Change 861893 abandoned by Jcrespo:

[operations/puppet@production] install_server: Add db1204, db1205 to the config to wipe disks on setup

Reason:

redundant to 393d32d

https://gerrit.wikimedia.org/r/861893

Waiting on John to connected those servers into 1G port since there are connected to 10G port so i can redo the switch configuration and start the OS install

I have connected it to 1g. it is port 44 now for both servers. The switch will need to be configured for that block to be 1g @Papaul

Cookbook cookbooks.sre.hosts.reimage was started by pt1979@cumin2002 for host db1204.eqiad.wmnet with OS bullseye

Cookbook cookbooks.sre.hosts.reimage was started by pt1979@cumin2002 for host db1205.eqiad.wmnet with OS bullseye

Cookbook cookbooks.sre.hosts.reimage started by pt1979@cumin2002 for host db1204.eqiad.wmnet with OS bullseye completed:

  • db1204 (PASS)
    • Removed from Puppet and PuppetDB if present
    • Deleted any existing Puppet certificate
    • Removed from Debmonitor if present
    • Forced PXE for next reboot
    • Host rebooted via IPMI
    • Host up (Debian installer)
    • Host up (new fresh bullseye OS)
    • Generated Puppet certificate
    • Signed new Puppet certificate
    • Run Puppet in NOOP mode to populate exported resources in PuppetDB
    • Found Nagios_host resource for this host in PuppetDB
    • Downtimed the new host on Icinga/Alertmanager
    • First Puppet run completed and logged in /var/log/spicerack/sre/hosts/reimage/202211291714_pt1979_1815992_db1204.out
    • Checked BIOS boot parameters are back to normal
    • configmaster.wikimedia.org updated with the host new SSH public key for wmf-update-known-hosts-production
    • Rebooted
    • Automatic Puppet run was successful
    • Forced a re-check of all Icinga services for the host
    • Icinga status is optimal
    • Icinga downtime removed
    • Updated Netbox data from PuppetDB
    • Updated Netbox status planned -> active
    • Cleared switch DHCP cache and MAC table for the host IP and MAC (row E/F)

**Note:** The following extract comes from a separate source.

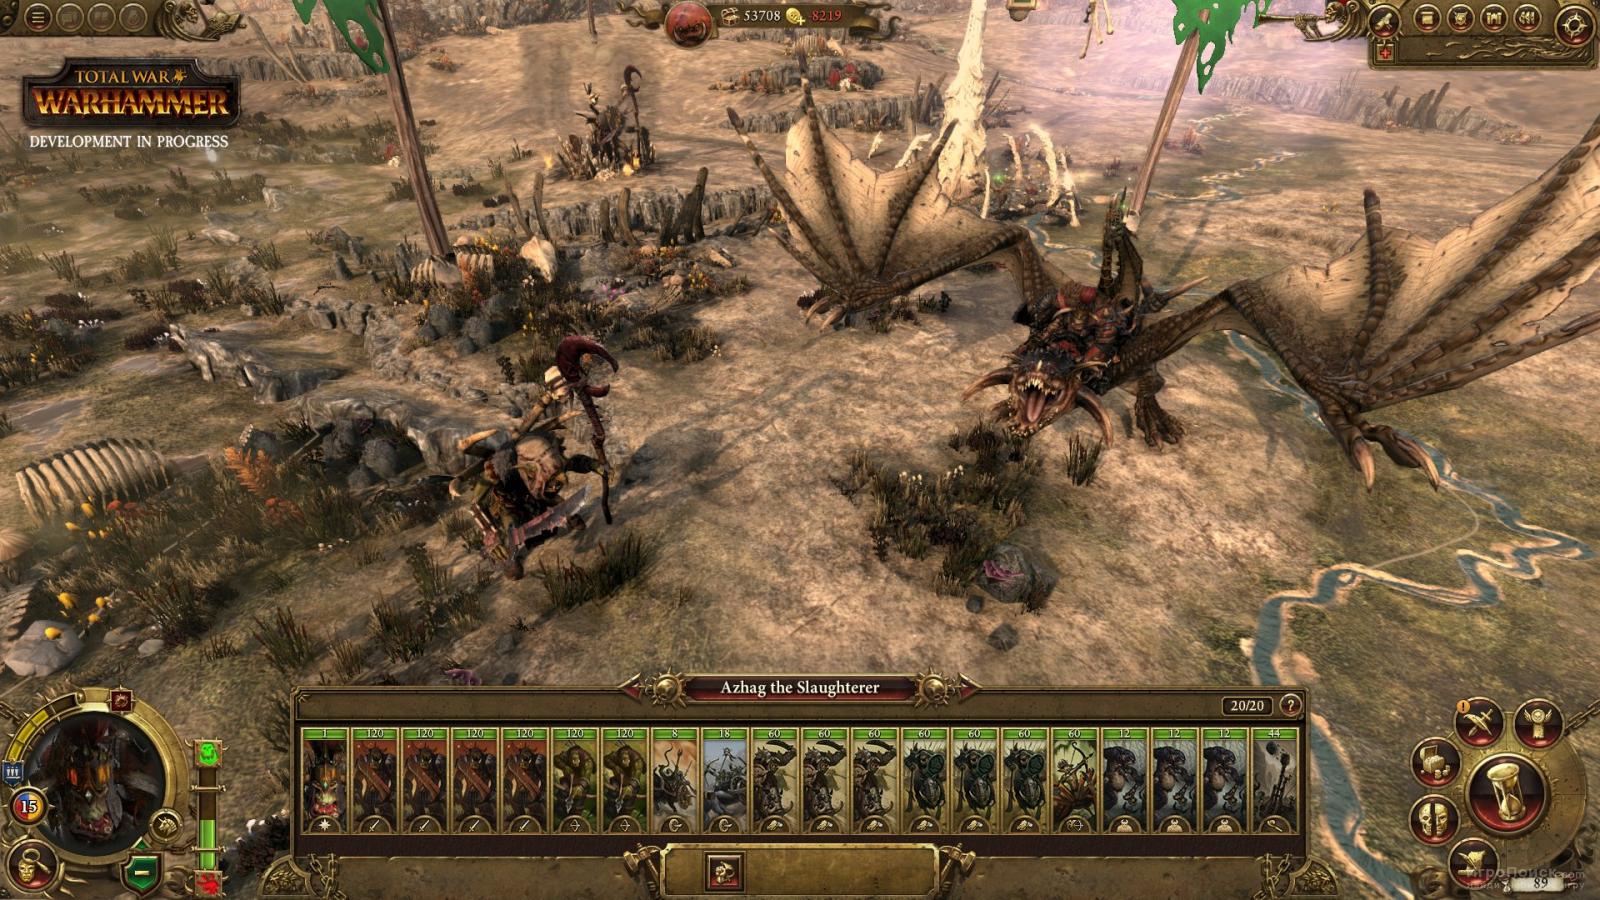 Скриншот к игре Total War: Warhammer

Cookbook cookbooks.sre.hosts.reimage started by pt1979@cumin2002 for host db1205.eqiad.wmnet with OS bullseye completed:

  • db1205 (PASS)
    • Removed from Puppet and PuppetDB if present
    • Deleted any existing Puppet certificate
    • Removed from Debmonitor if present
    • Forced PXE for next reboot
    • Host rebooted via IPMI
    • Host up (Debian installer)
    • Host up (new fresh bullseye OS)
    • Generated Puppet certificate
    • Signed new Puppet certificate
    • Run Puppet in NOOP mode to populate exported resources in PuppetDB
    • Found Nagios_host resource for this host in PuppetDB
    • Downtimed the new host on Icinga/Alertmanager
    • First Puppet run completed and logged in /var/log/spicerack/sre/hosts/reimage/202211291720_pt1979_1816032_db1205.out
    • Checked BIOS boot parameters are back to normal
    • configmaster.wikimedia.org updated with the host new SSH public key for wmf-update-known-hosts-production
    • Rebooted
    • Automatic Puppet run was successful
    • Forced a re-check of all Icinga services for the host
    • Icinga status is optimal
    • Icinga downtime removed
    • Updated Netbox data from PuppetDB
    • Updated Netbox status planned -> active
    • Cleared switch DHCP cache and MAC table for the host IP and MAC (row E/F)
Papaul updated the task description. (Show Details)

This is complete

@jcrespo do you want/have a tracking task to productionize these hosts?